Integrating Stable Delegate into LiteRT Application

Code Snippet

Below is a C++ code snippet demonstrating how to integrate MediaTek Neuron LiteRT Delegate into LiteRT application.

#include <iostream>
#include <tensorflow/lite/interpreter.h>
#include <tensorflow/lite/kernels/register.h>
#include <tensorflow/lite/model.h>
#include <tensorflow/lite/optional_debug_tools.h>
#include "tensorflow/lite/core/c/c_api.h"
#include "tensorflow/lite/delegates/utils/experimental/stable_delegate/delegate_loader.h"
#include "tensorflow/lite/delegates/utils/experimental/stable_delegate/tflite_settings_json_parser.h"
#include "tensorflow/lite/interpreter_builder.h"
#include "absl/cleanup/cleanup.h"
#include <stdexcept>
#include <string>

void IntegrateStableDelegate(const std::string& model_path, int num_threads) {
    // Load the TFLite model
    auto model = tflite::FlatBufferModel::BuildFromFile(model_path.c_str());
    if (!model) {
        throw std::runtime_error("Failed to load model");
    }

    // Setup Stable delegate
    using tflite::delegates::utils::LoadDelegateFromSharedLibrary;
    using tflite::delegates::utils::TfLiteSettingsJsonParser;
    constexpr char kSampleDelegatePath[] = "/usr/lib/libneuron_stable_delegate.so"; // Path to stable_delegate.so (included in yocto image)
    constexpr char kSettingsPath[] = "/usr/share/label_image/stable_delegate_settings.json"; // Path to stable_delegate_settings.json (included in yocto image)

    // Load stable delegate
    const TfLiteStableDelegate* stable_delegate = LoadDelegateFromSharedLibrary(kSampleDelegatePath);
    if (stable_delegate == nullptr || stable_delegate->delegate_plugin == nullptr) {
        throw std::runtime_error("Failed to load stable delegate from library");
    }

    // Load settings
    TfLiteSettingsJsonParser parser;
    const tflite::TFLiteSettings* settings = parser.Parse(kSettingsPath);
    if (settings == nullptr) {
        throw std::runtime_error("Failed to load JSON settings");
    }

    // Create opaque delegate
    TfLiteOpaqueDelegate* opaque_delegate = stable_delegate->delegate_plugin->create(settings);
    if (opaque_delegate == nullptr) {
        throw std::runtime_error("Failed to create opaque delegate");
    }
    absl::Cleanup destroy_opaque_delegate = [&] {
        stable_delegate->delegate_plugin->destroy(opaque_delegate);
    };

    // Build the interpreter
    tflite::ops::builtin::BuiltinOpResolver resolver;
    std::unique_ptr<tflite::Interpreter> interpreter;
    tflite::InterpreterBuilder(*model, resolver)(&interpreter);
    if (!interpreter) {
        throw std::runtime_error("Failed to create interpreter");
    }

    // Add delegate to the interpreter
    if (interpreter->ModifyGraphWithDelegate(opaque_delegate) != kTfLiteOk) {
        throw std::runtime_error("Failed to modify graph with opaque delegate");
    }

    // Set number of threads
    interpreter->SetNumThreads(num_threads);

    // Allocate tensor buffers
    if (interpreter->AllocateTensors() != kTfLiteOk) {
        throw std::runtime_error("Failed to allocate tensors");
    }

    // The interpreter is now ready to run inference
}

Explanation

  1. Loading the TFLite Model:
    • The model is loaded from a file using tflite::FlatBufferModel::BuildFromFile.

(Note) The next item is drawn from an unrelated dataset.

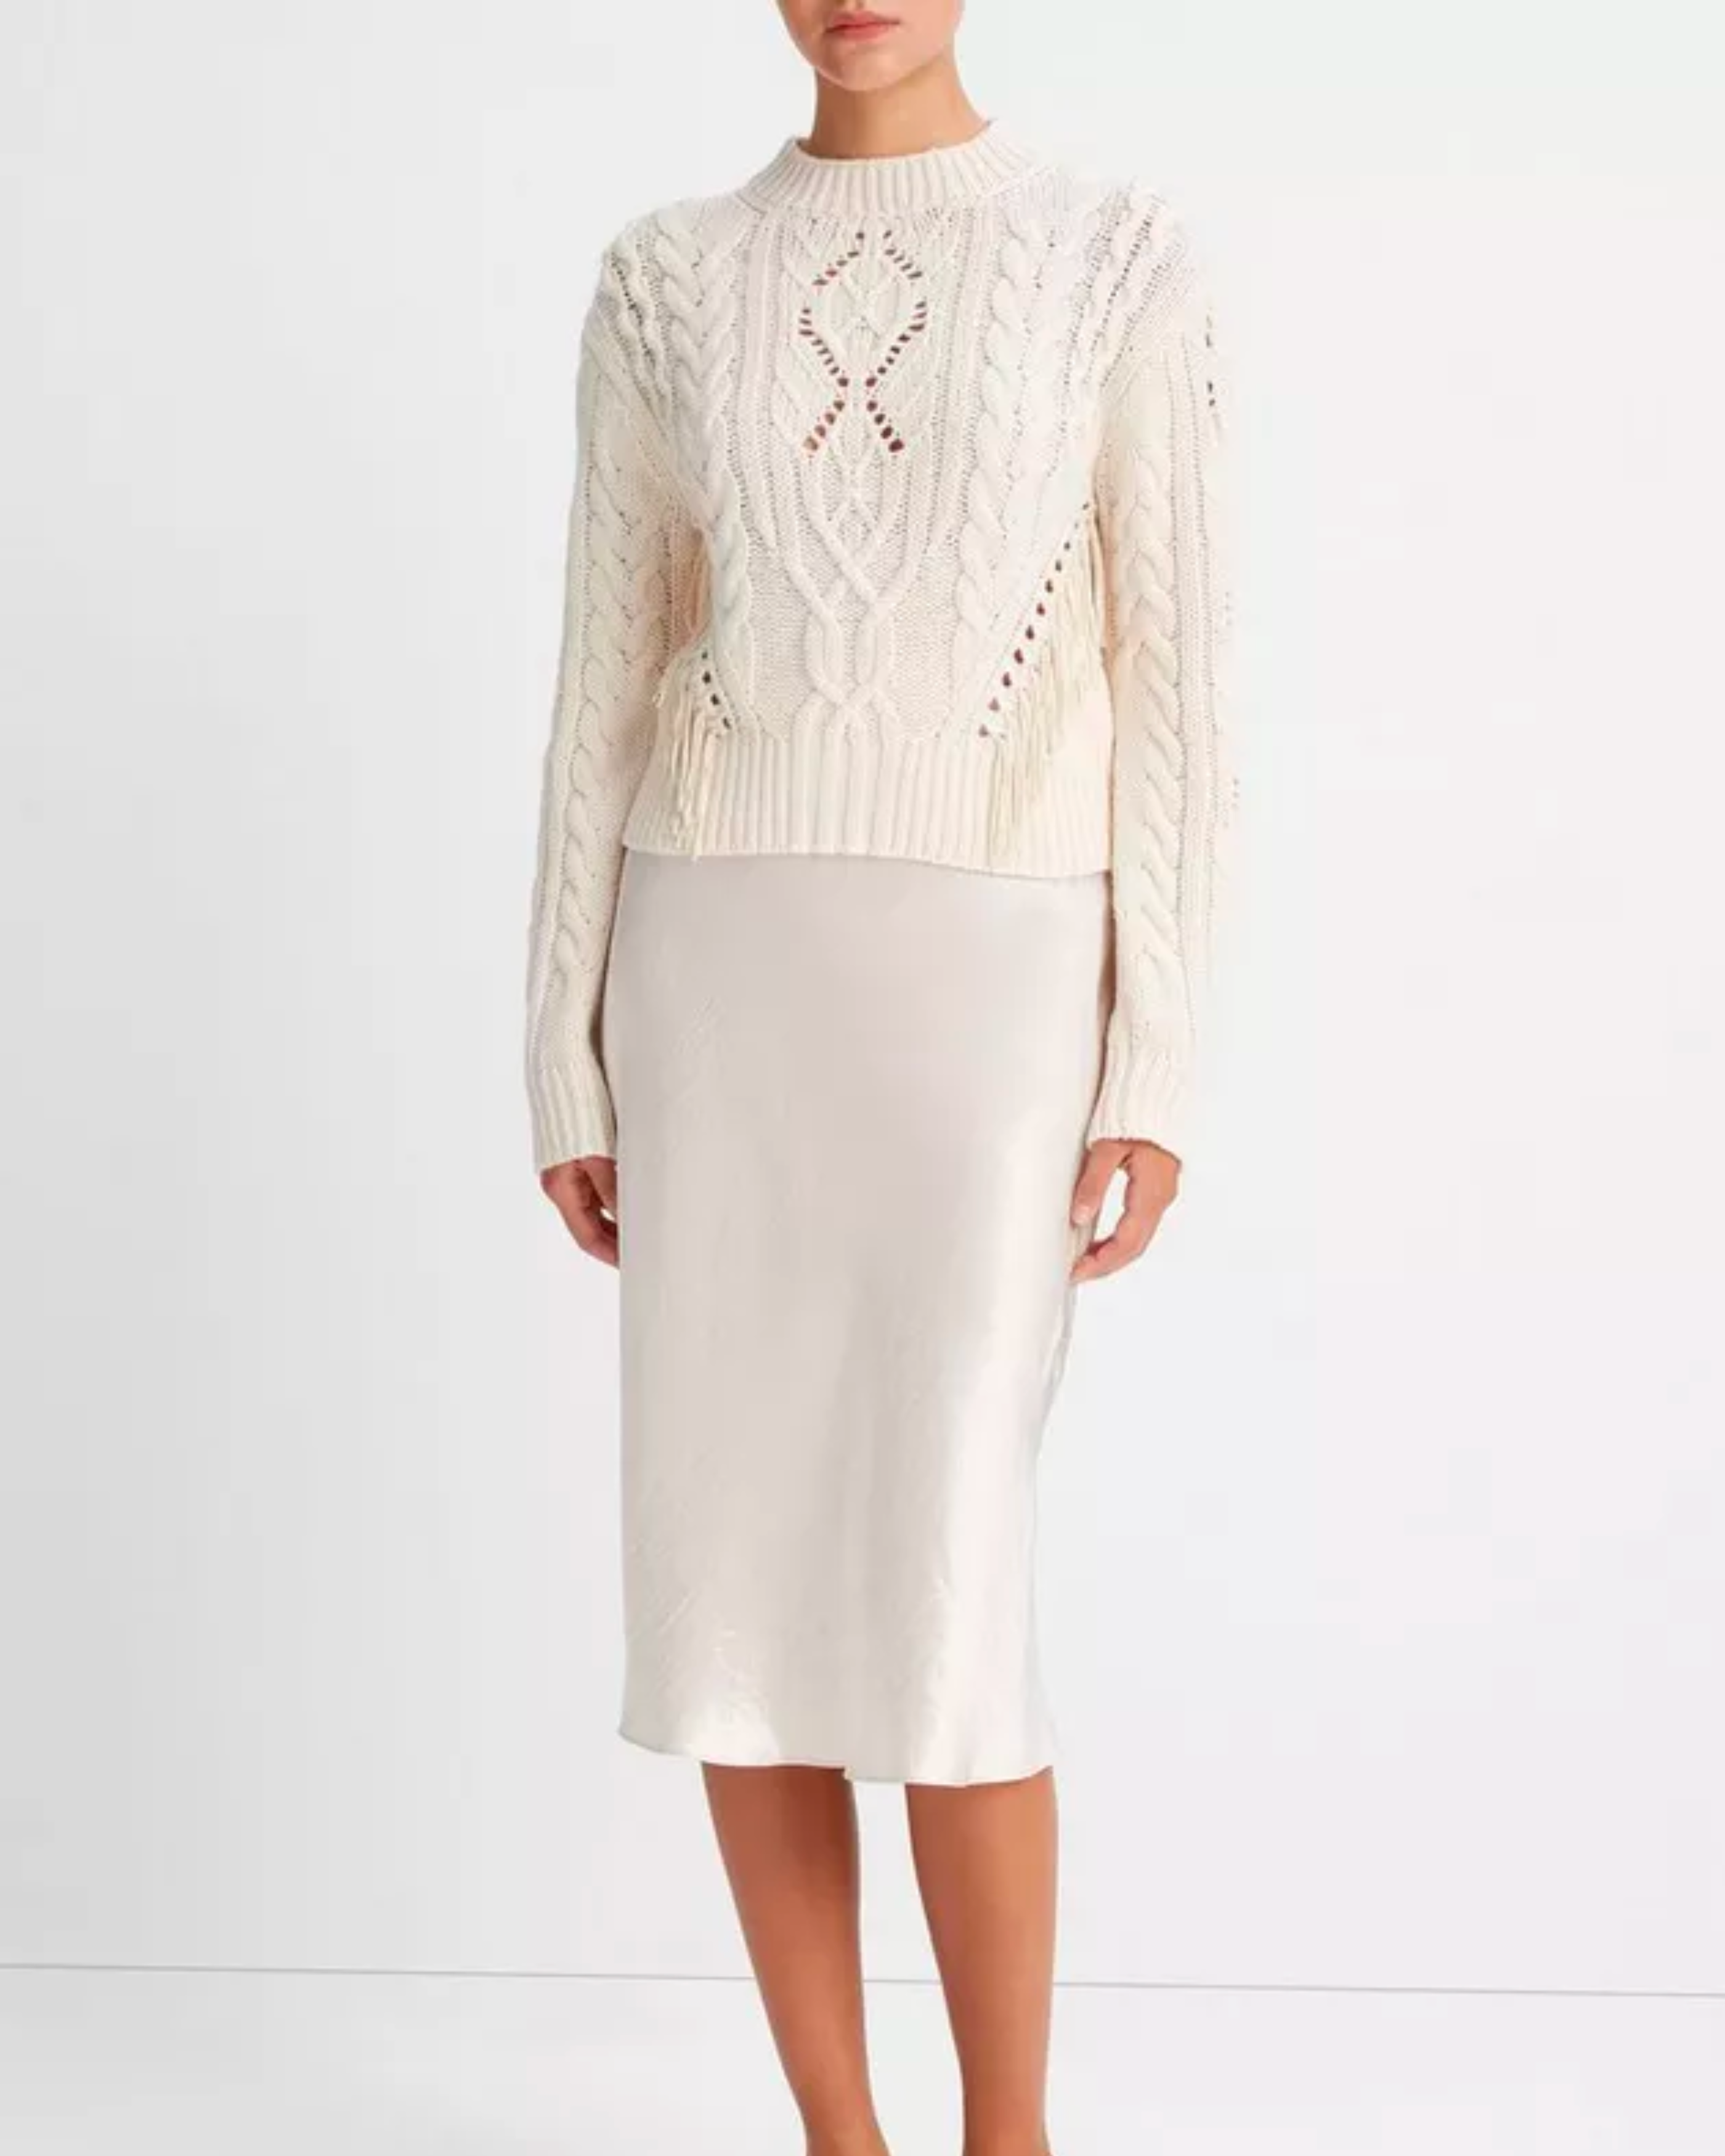 Vince Fringe Cable Sweater in Cream

  2. Setting Up the Stable Delegate:
    • The stable delegate is loaded from a shared library using LoadDelegateFromSharedLibrary.

    • The settings for the delegate are loaded from a JSON file using TfLiteSettingsJsonParser.

  3. Creating the Opaque Delegate:
    • The opaque delegate is created using the create method of the delegate plugin.

    • A cleanup function is set up to destroy the opaque delegate when it is no longer needed.

  4. Building the Interpreter:
    • The interpreter is built using tflite::InterpreterBuilder.

    • The opaque delegate is added to the interpreter using ModifyGraphWithDelegate.

  5. Configuring the Interpreter:
    • The number of threads is set using SetNumThreads.

    • Tensor buffers are allocated using AllocateTensors.